There is an urgent demand for rectification of the “one-size-fits-all” method of treatment using personalized medicine model. Personalized medicine involves the determination of an individual’s unique genetic profile with respect to disease risk and drug response to optimize preventive health care strategies while people are still well or at the earliest stages of disease. Personalized medicine also helps to address the serious adverse drug reactions (ADRs) that not only are very costly but are responsible for thousands of deaths each year. However, the potential benefits of personalized medicine cannot be realized until certain obstacles in its adoption in its adoption are removed.
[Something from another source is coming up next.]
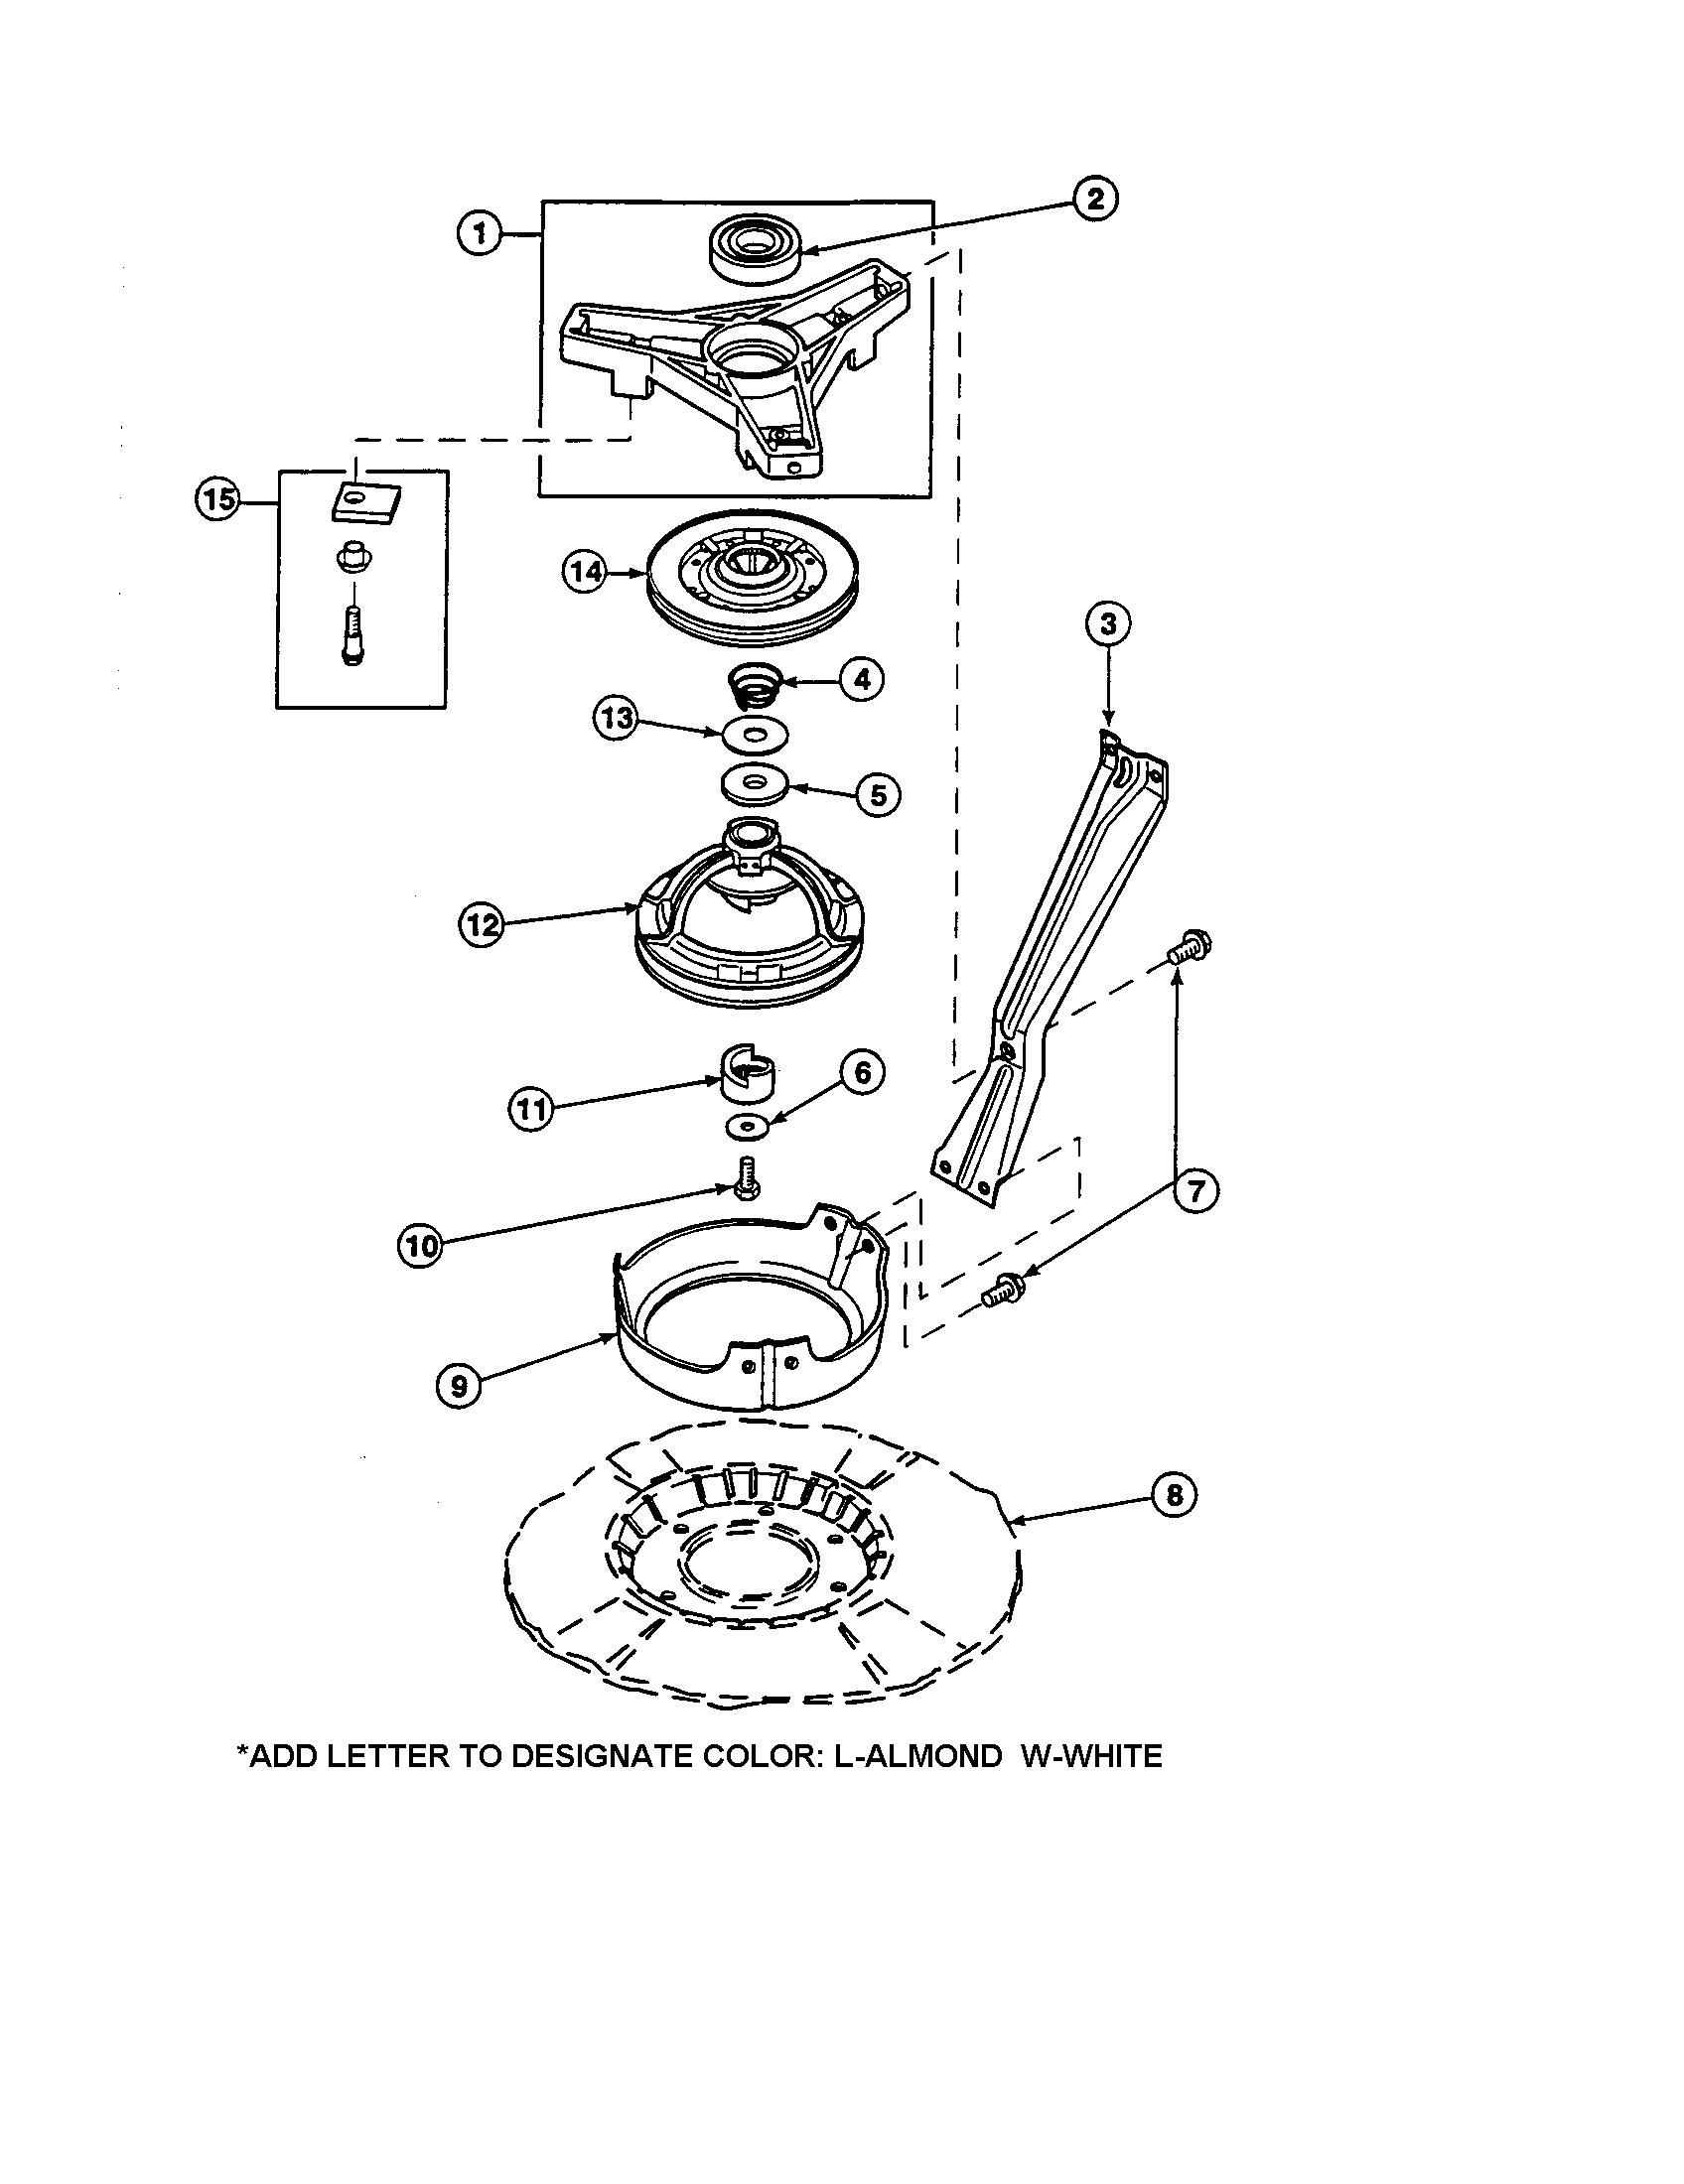 hight resolution of amana lw6153wm plw6153wmb bearing housing brake pulley diagram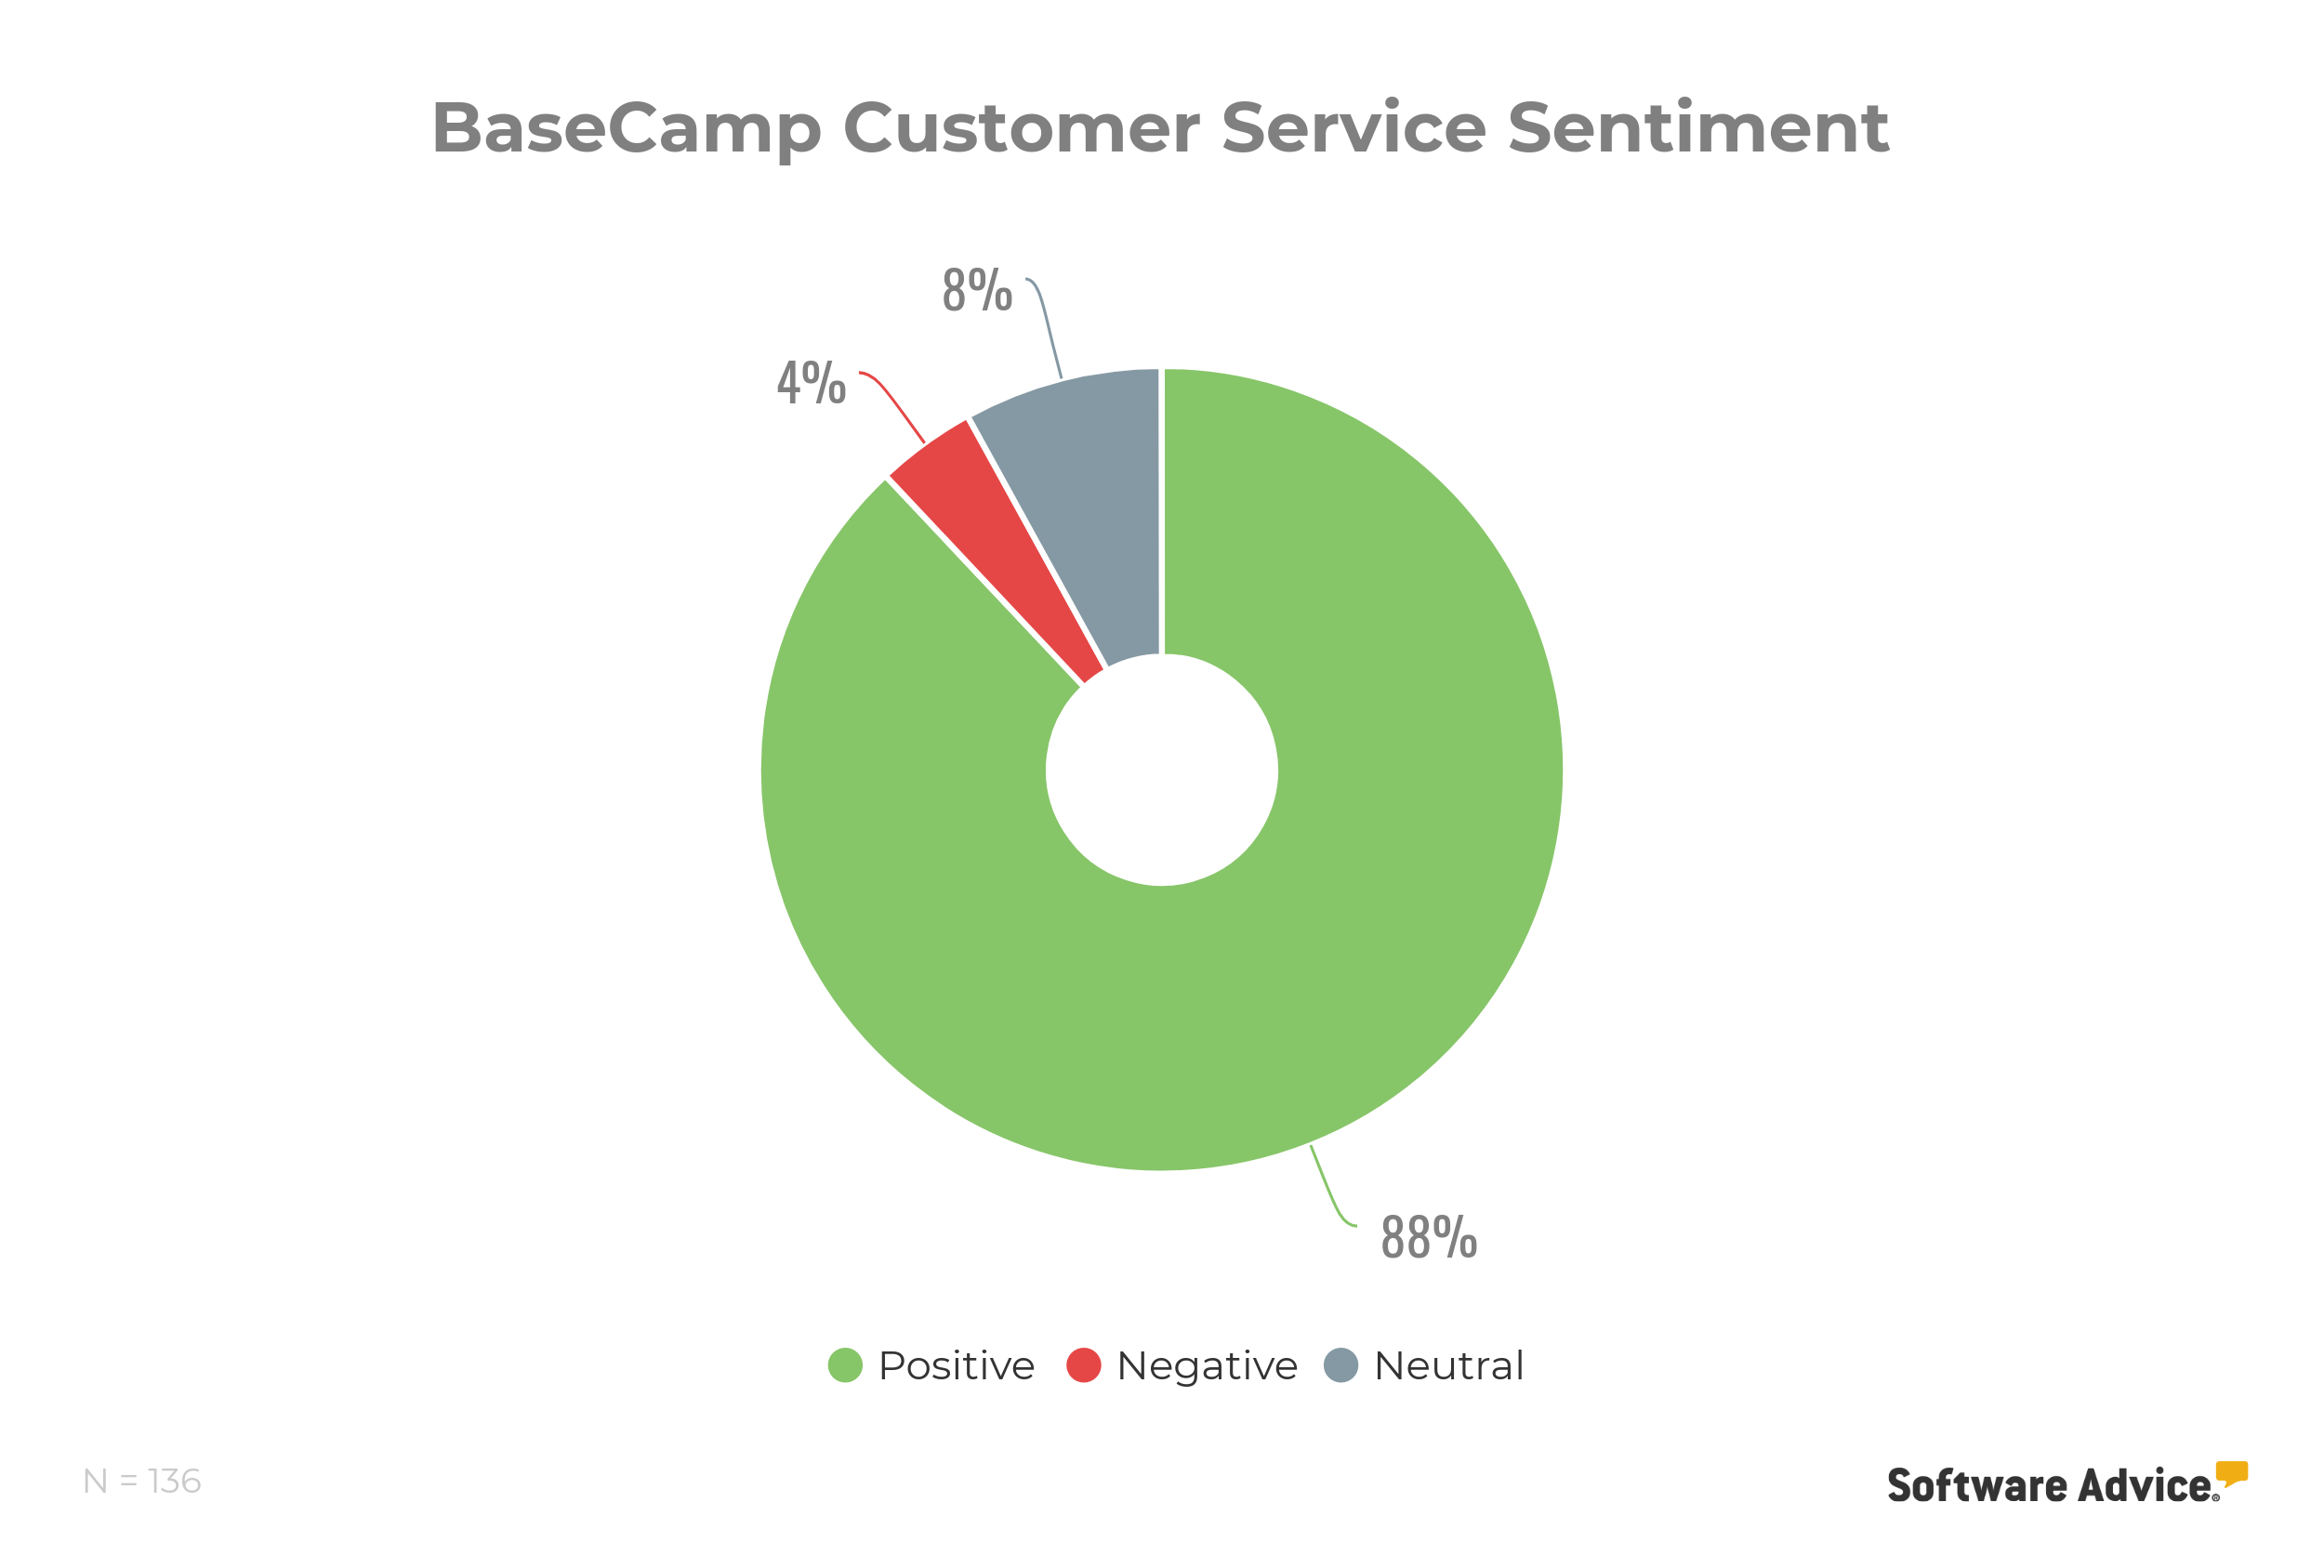 BaseCamp customer service score

These obstacles include uncertain regulatory requirements, insufficient insurance reimbursement for diagnostic tests linked to pre-emptive care, incomplete legal protections to prevent genetic discrimination, the lack of a comprehensive healthcare information technology system, and the present “one-size-fits-all” medical education system.

Keywords: Personalized medicine, adverse drug reactions (ADRs), patent, single nucleotide polymorphisms (SNPs).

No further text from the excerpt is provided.